In the current study, we further determined how CD47 deficiency affects PMN infiltration during inflammation. We employed the same in vitro PMN transmigration system that previously demonstrated inhibitory effects of anti-CD47 mAbs and also examined PMN infiltration in vivo under different inflammatory conditions. To our surprise, CD47−/− PMN failed to display defect in chemotactic response and transmigration in response to inflammatory challenge in vitro and in vivo. When inducing chronic colitis with low doses of dextran sulfate sodium (DSS), we found that PMN accumulation in intestines was reduced, but not until the postacute/chronic stage and likely due to largely attenuated granulopoiesis. Administration of exogenous IL-17A stimulated granulopoiesis, reinstated PMN recruitment, and intensified colitis in CD47−/− mice under DSS treatment.
Materials and Methods
Mice and inflammation models
CD47−/− mice obtained from The Jackson Laboratory were housed with free access to autoclaved water and food in a pathogen-free animal facility. To induce colitis, mice (female, 6–8 wk or 20–22 g) were treated with either 4% DSS (MP Biomedicals) for 7 d or 2% DSS for 15 d through drinking water (10). Mice were evaluated daily for change in body weight and overall body condition including distress and colitic symptoms (wet stool, diarrhea, and bloody diarrhea). Zymosan-induced peritonitis was instigated through i.p. injection of 0.5 mg zymosan A (Sigma-Aldrich) in 0.5 ml PBS followed by evaluation of macrophages, PMN, and monocytes in the peritoneum at varying time points (10). For adoptive transfer of leukocytes (10), total leukocytes obtained from femur bones of wild-type (WT) and CD47−/− donor mice were labeled with CFSE and DiIC16 (3) (Invitrogen), respectively. The cells were then mixed at 1:1 ratio of PMN, as determined by myeloperoxidase (MPO) assays and anti–Ly-6G staining, followed by i.v. injecting into WT or CD47−/− recipient mice. Protocols of using animals and procedures of animal care and handling were approved by the Institutional Animal Care and Use Committee of Georgia State University.
Measurement of cytokines
Cytokines in the peripheral blood (PB) serum were assayed by standard sandwich ELISA. In brief, anti-cytokine Ab–coated ELISA plates were incubated with serum of different dilutions (2 h, 25°C). After washing, the wells were incubated with biotin-conjugated detecting Abs and HRP-conjugated streptavidin followed by detection with HRP substrates. Recombinant murine IL-1β, IL-6, IL-17A, and G-CSF used as standards were obtained from PeproTech. To assess macrophage production of IL-6, macrophages obtained from the peritoneal lavage were cultured in DMEM with 10% FBS followed by stimulation with 0.5 mg zymosan A. Cell supernatants were then collected at various time points, and levels of IL-6 were detected by ELISA.

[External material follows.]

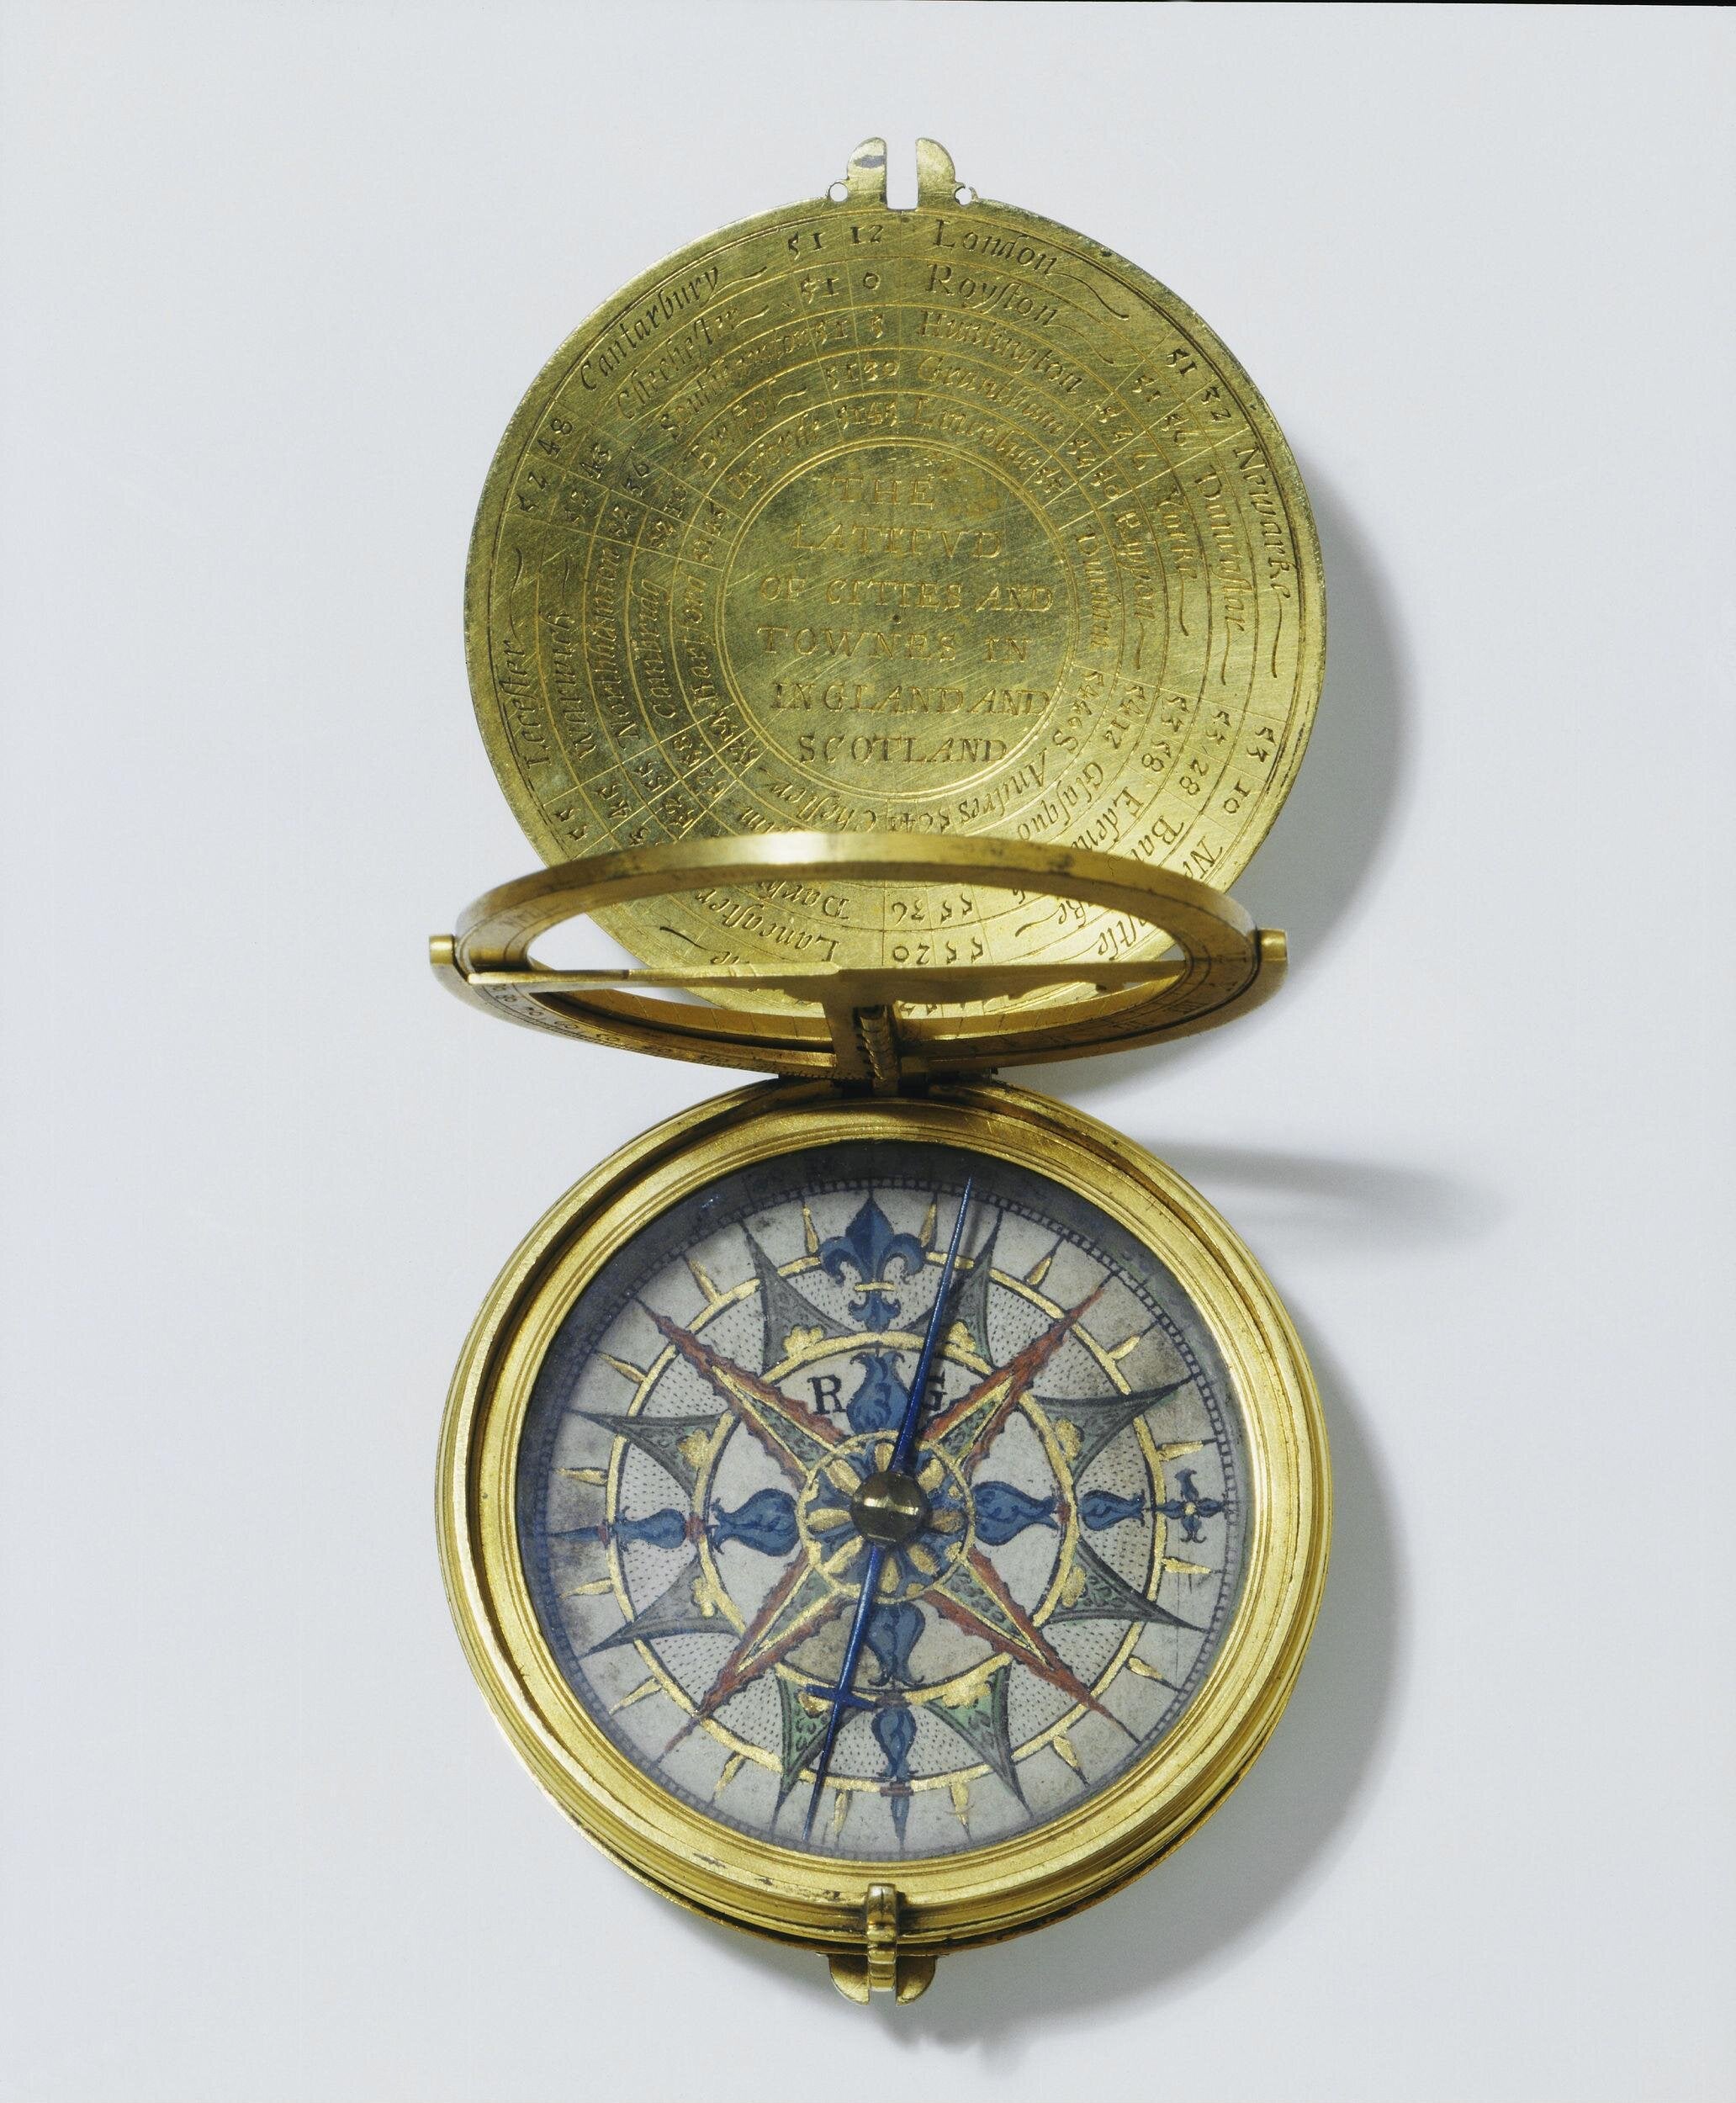 Cast Away: The clock versus the compass

In vitro PMN chemotaxis assay
This assay was performed using collagen-coated transwell devices with transfilters (0.33 cm2, 5-μm pore size) as described previously (2, 3, 11). Briefly, bone marrow (BM) leukocytes obtained from mouse femur bones were subjected to further separation to isolate PMN according to a protocol of Dong and Wu (12). PMN (~2 × 106) in 150 μl HBSS were then added into the upper chambers of the transwell devices followed by inducing chemotaxis by adding the chemoattractant fMLF (10 μM) into the lower chamber and incubation at 37°C. PMN that transmigrated into the lower chambers were quantified by MPO assays.
Tissue sectioning and staining
Colons removed from mice were immediately frozen and sectioned to 5–10 μm thickness using a Cryostat-microtome. For histological staining, the thin sections were stained with H&E. To visualize PMN infiltration into tissues, the sections were blocked with 5% BSA followed by staining with fluorescence-conjugated anti-mouse Ly-6G Ab followed by fluorescence microscopy.
Results
CD47 deficiency does not restrain PMN transmigration
To further understand how CD47 regulates PMN transmigration, CD47−/− PMN obtained from CD47−/− mice were tested in vitro by chemotactic transmigration assays (2). As shown in Fig. 1A, CD47−/− PMN displayed no inhibition in chemotactic response or transmigration, but potently migrated across collagen-coated filters toward the chemoattractant fMLF in a manner similar to PMN isolated from WT mice. Variation of the fMLF concentration found that CD47−/− PMN generally had the same optimal response as that of WT PMN, but responded slightly better at the low range of fMLF concentrations (Fig. 1B).
FIGURE 1.
Assaying PMN chemotactic transmigration in vitro. BM PMN (2 × 106) obtained from femur bones of WT and CD47−/− mice were applied into the collagen-coated transwells and induced to transmigrate by fMLF (37°C). (A) PMN chemotaxis induced by 10 μM fMLF for 1 and 2 h. (B) PMN responses to fMLF of 0.1–100 μM. PMN transmigration was measured at 1 h. Data are expressed as means ± SEM and represent one of three independent experiments with PMN samples from three mice/group and each sample assayed in triplicates. *p < 0.01.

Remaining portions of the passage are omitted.